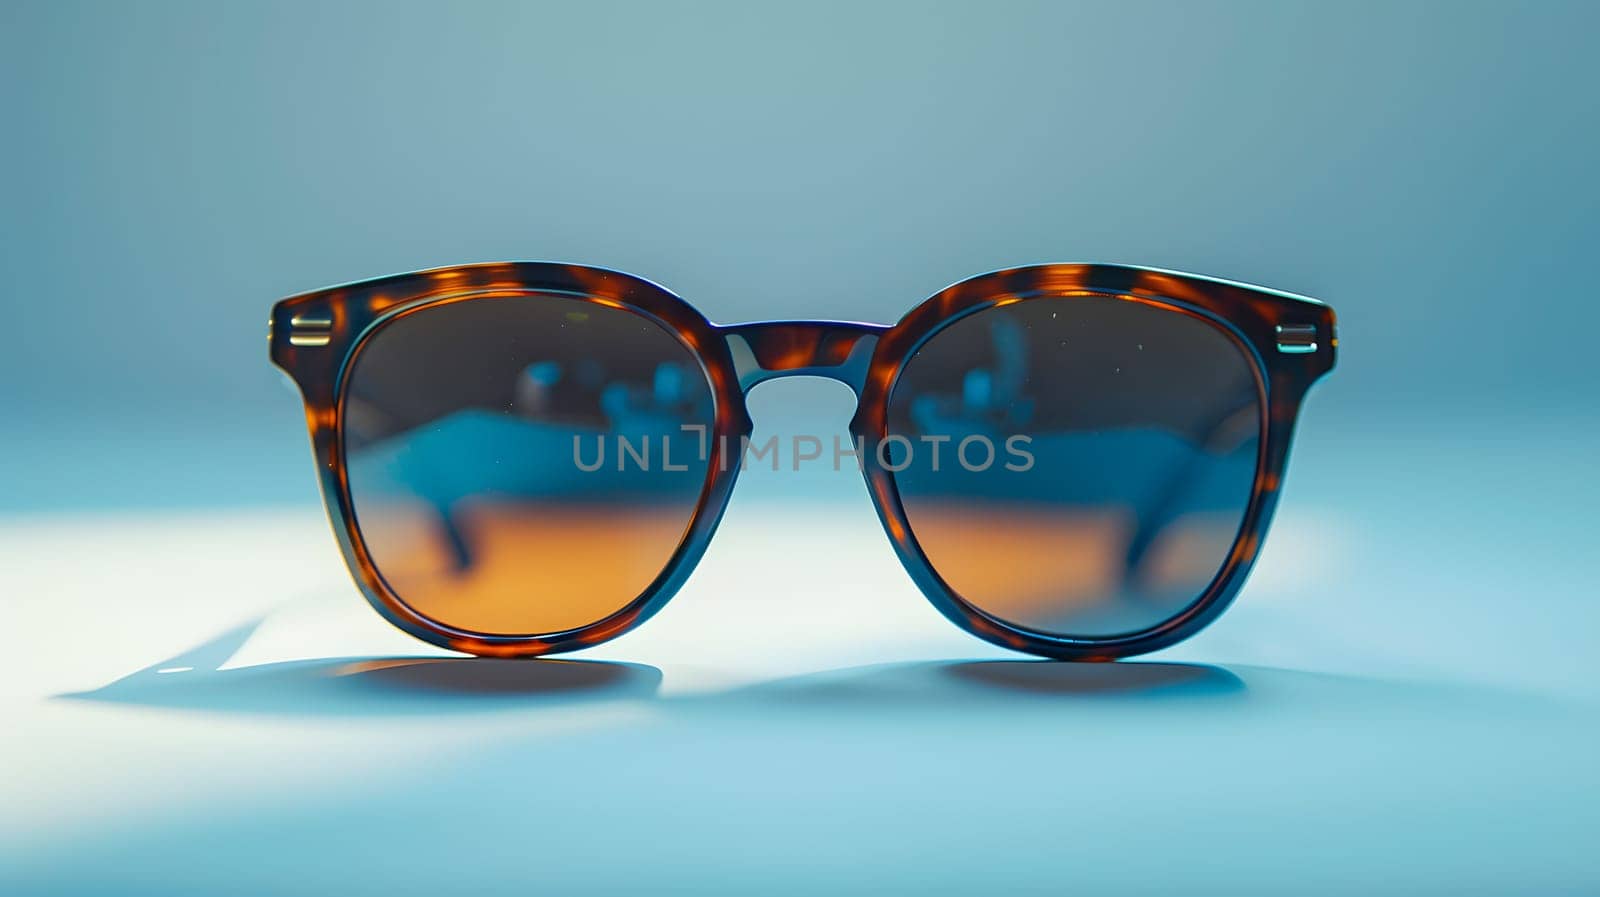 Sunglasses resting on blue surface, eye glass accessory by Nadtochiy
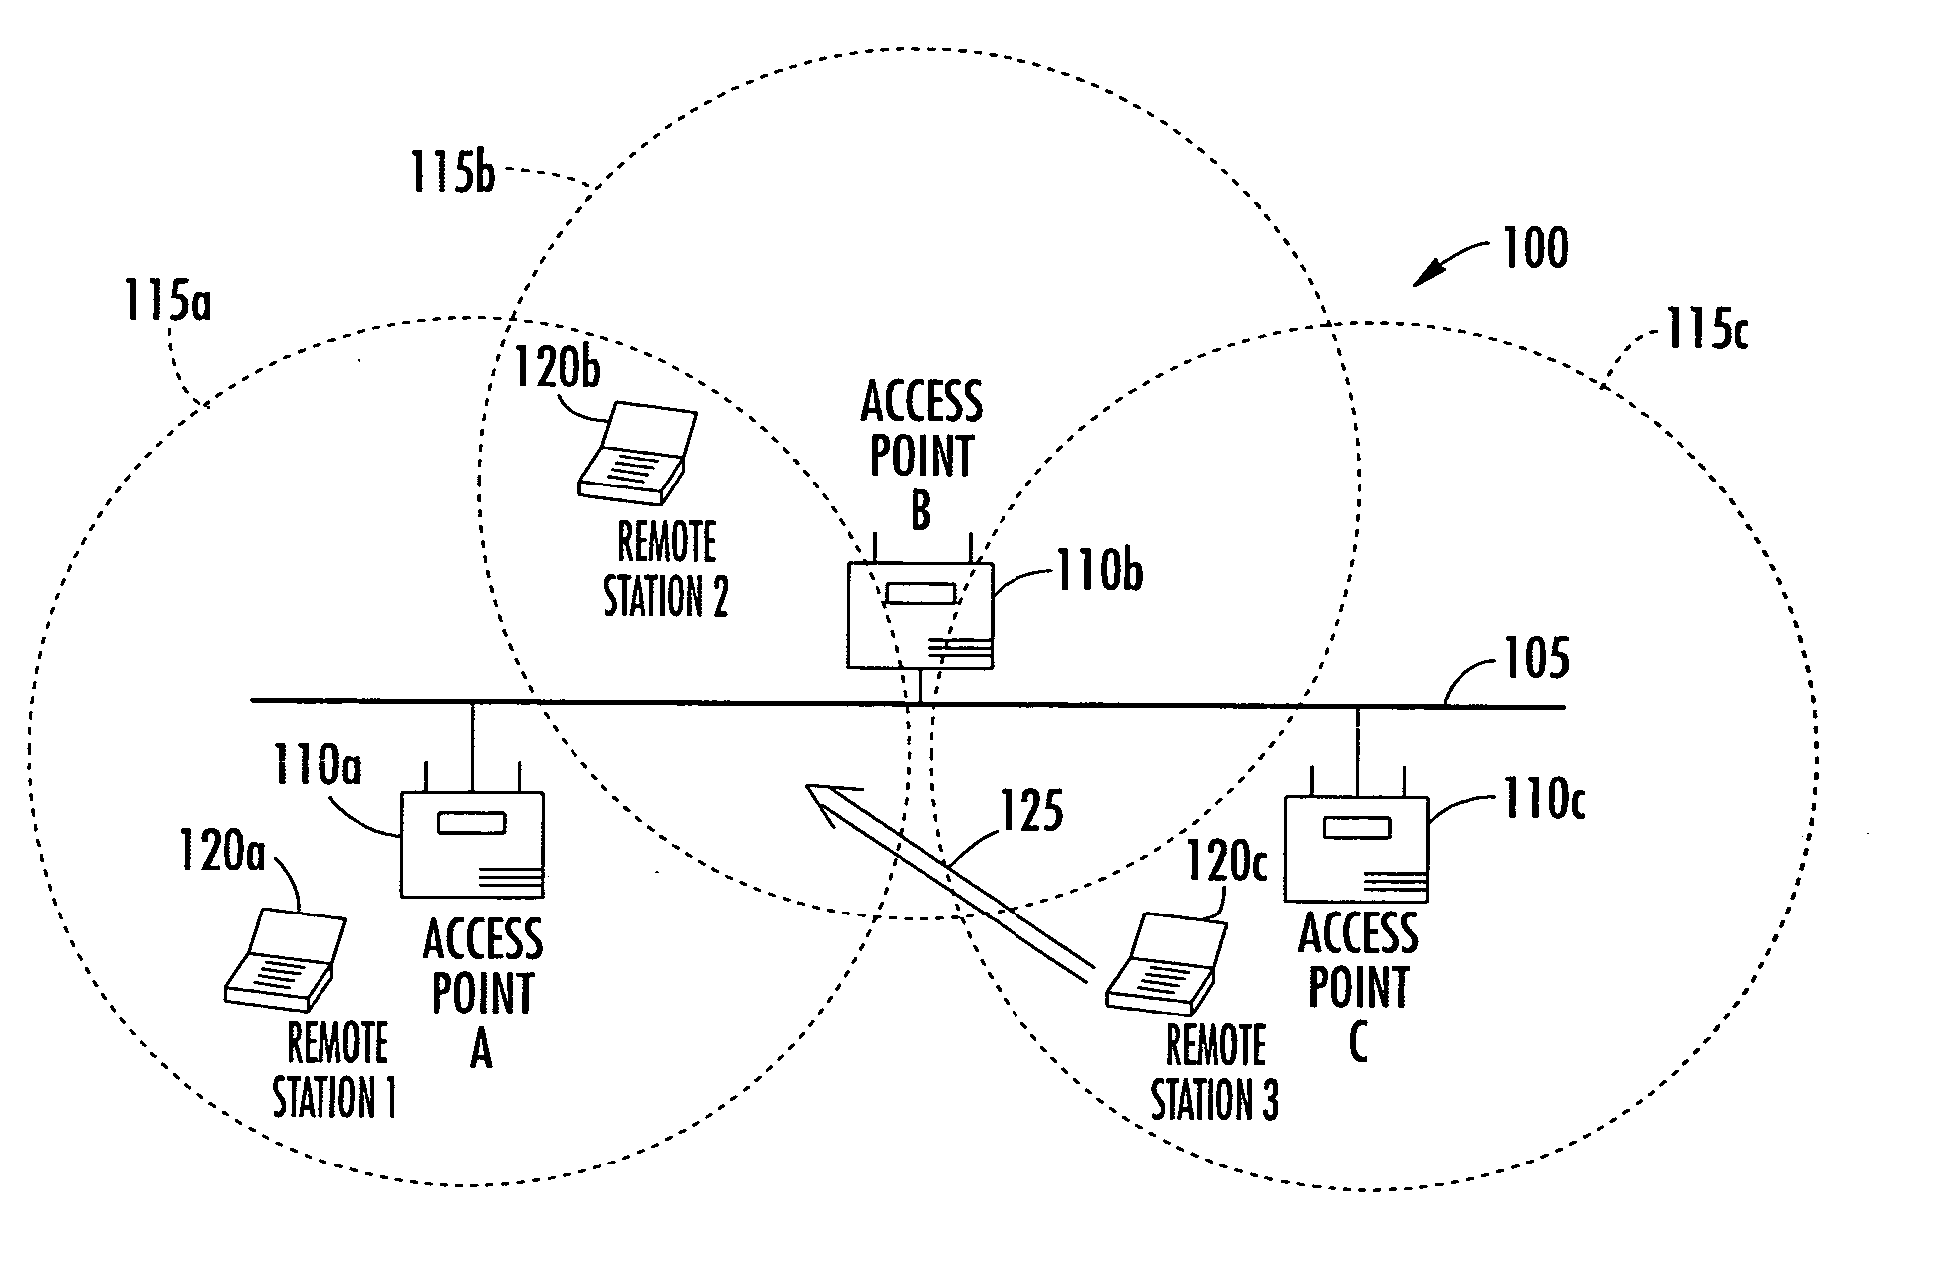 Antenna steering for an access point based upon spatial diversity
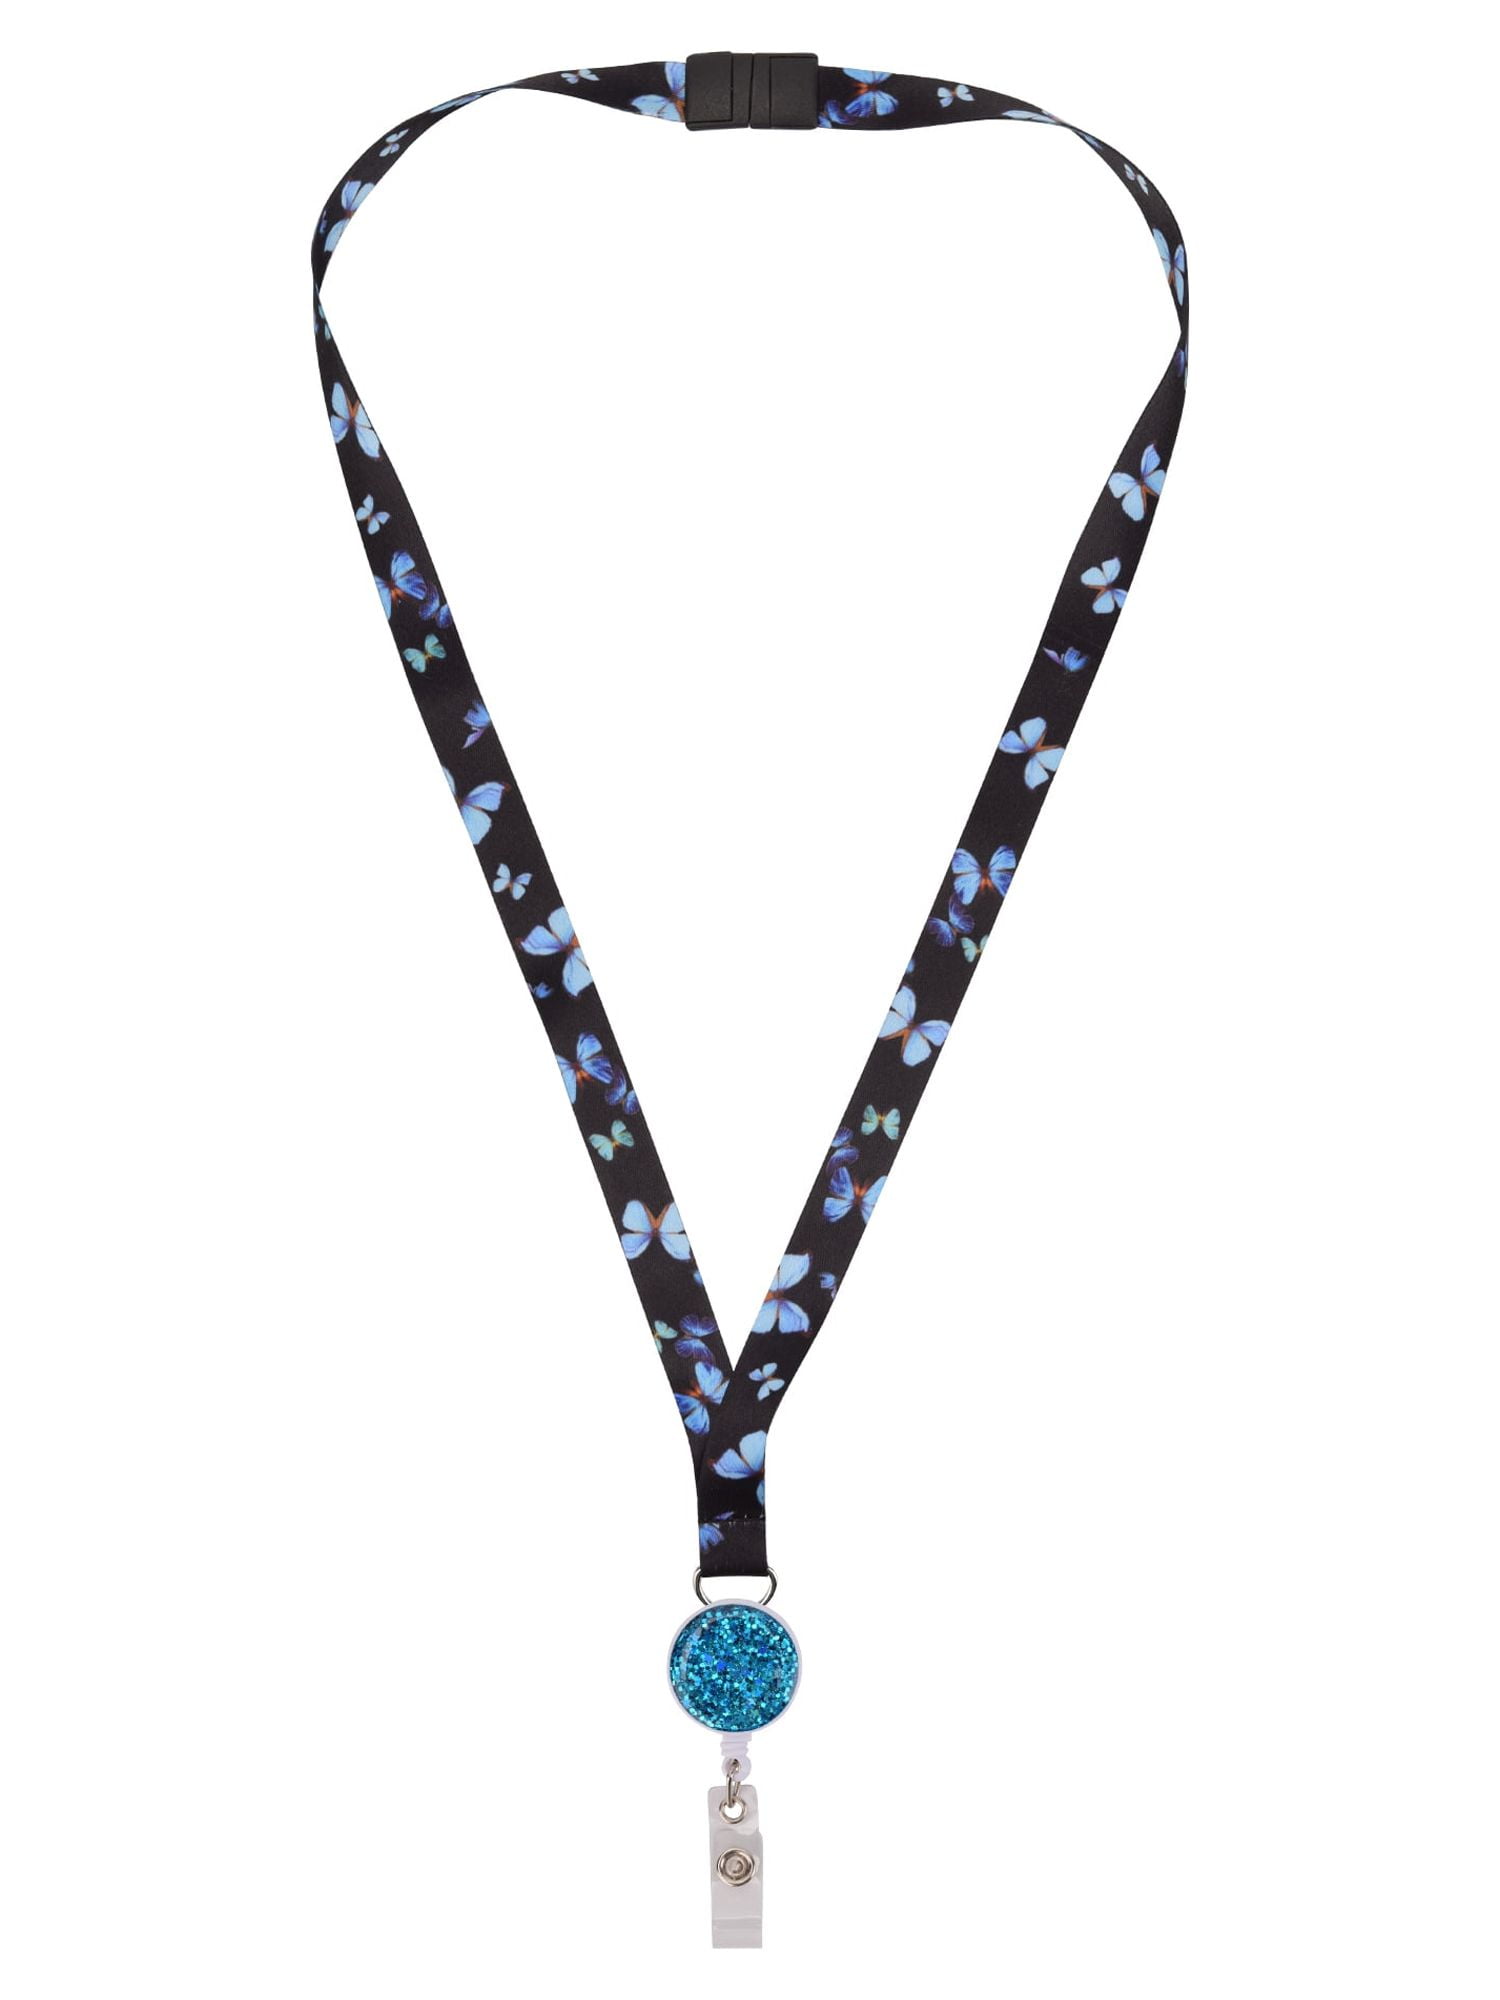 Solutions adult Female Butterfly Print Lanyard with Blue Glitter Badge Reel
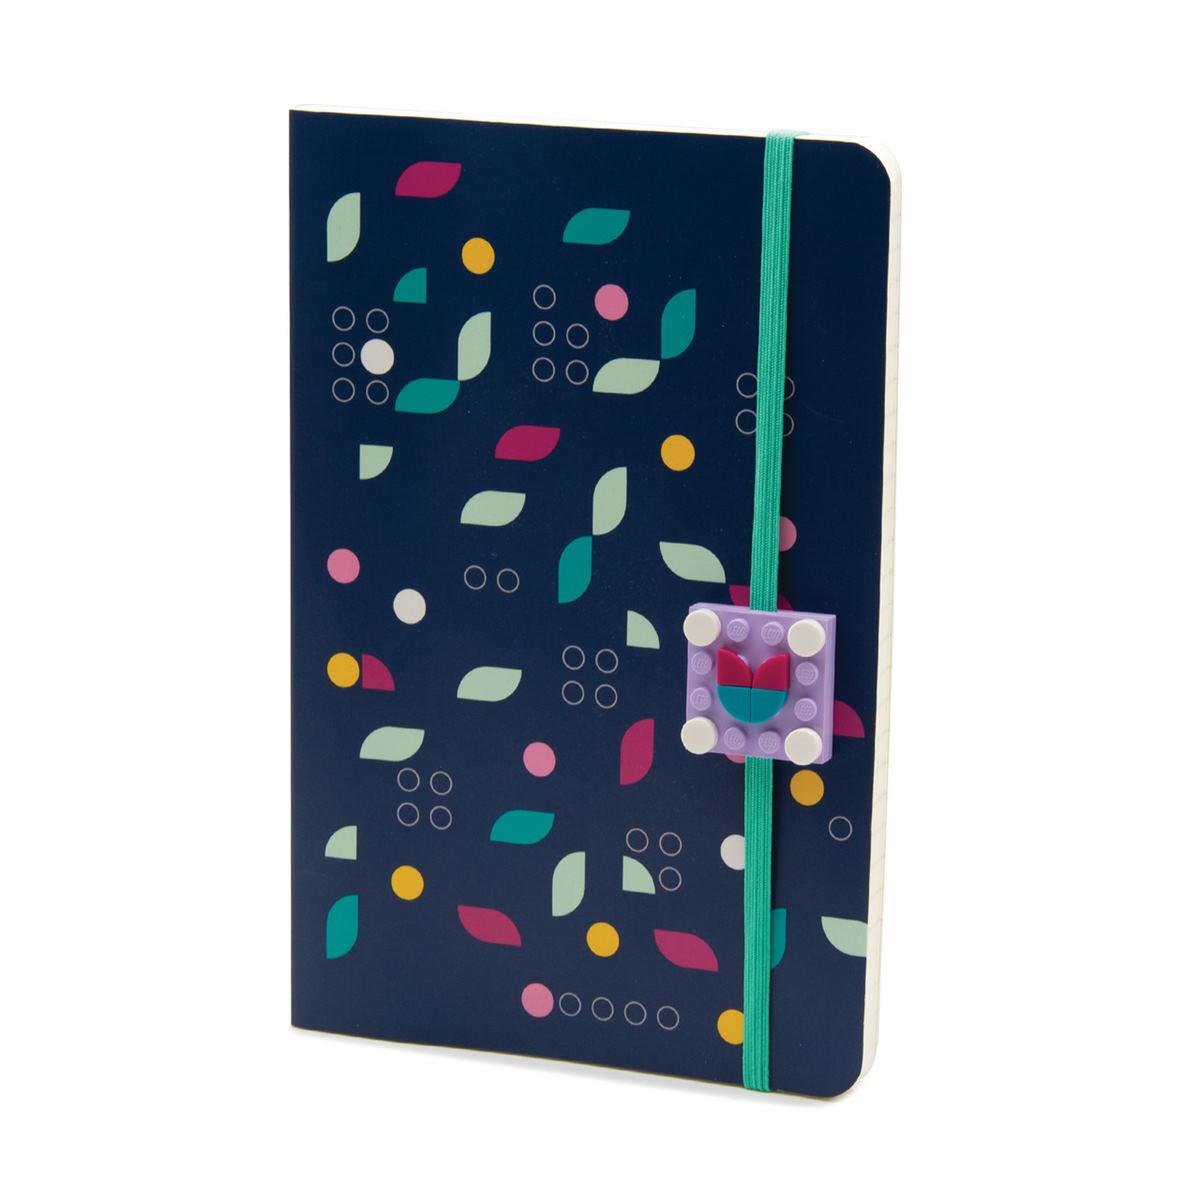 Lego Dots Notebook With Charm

• What is being asked: Transcribe the data completely. No pictures should appear in the transcription.

• Exercise answer:
 Sunglasses resting on blue surface, eye glass accessory by Nadtochiy
 Antenna steering for an access point based upon spatial diversity
 Solutions adult Female Butterfly Print Lanyard with Blue Glitter Badge Reel
 Lego Dots Notebook With Charm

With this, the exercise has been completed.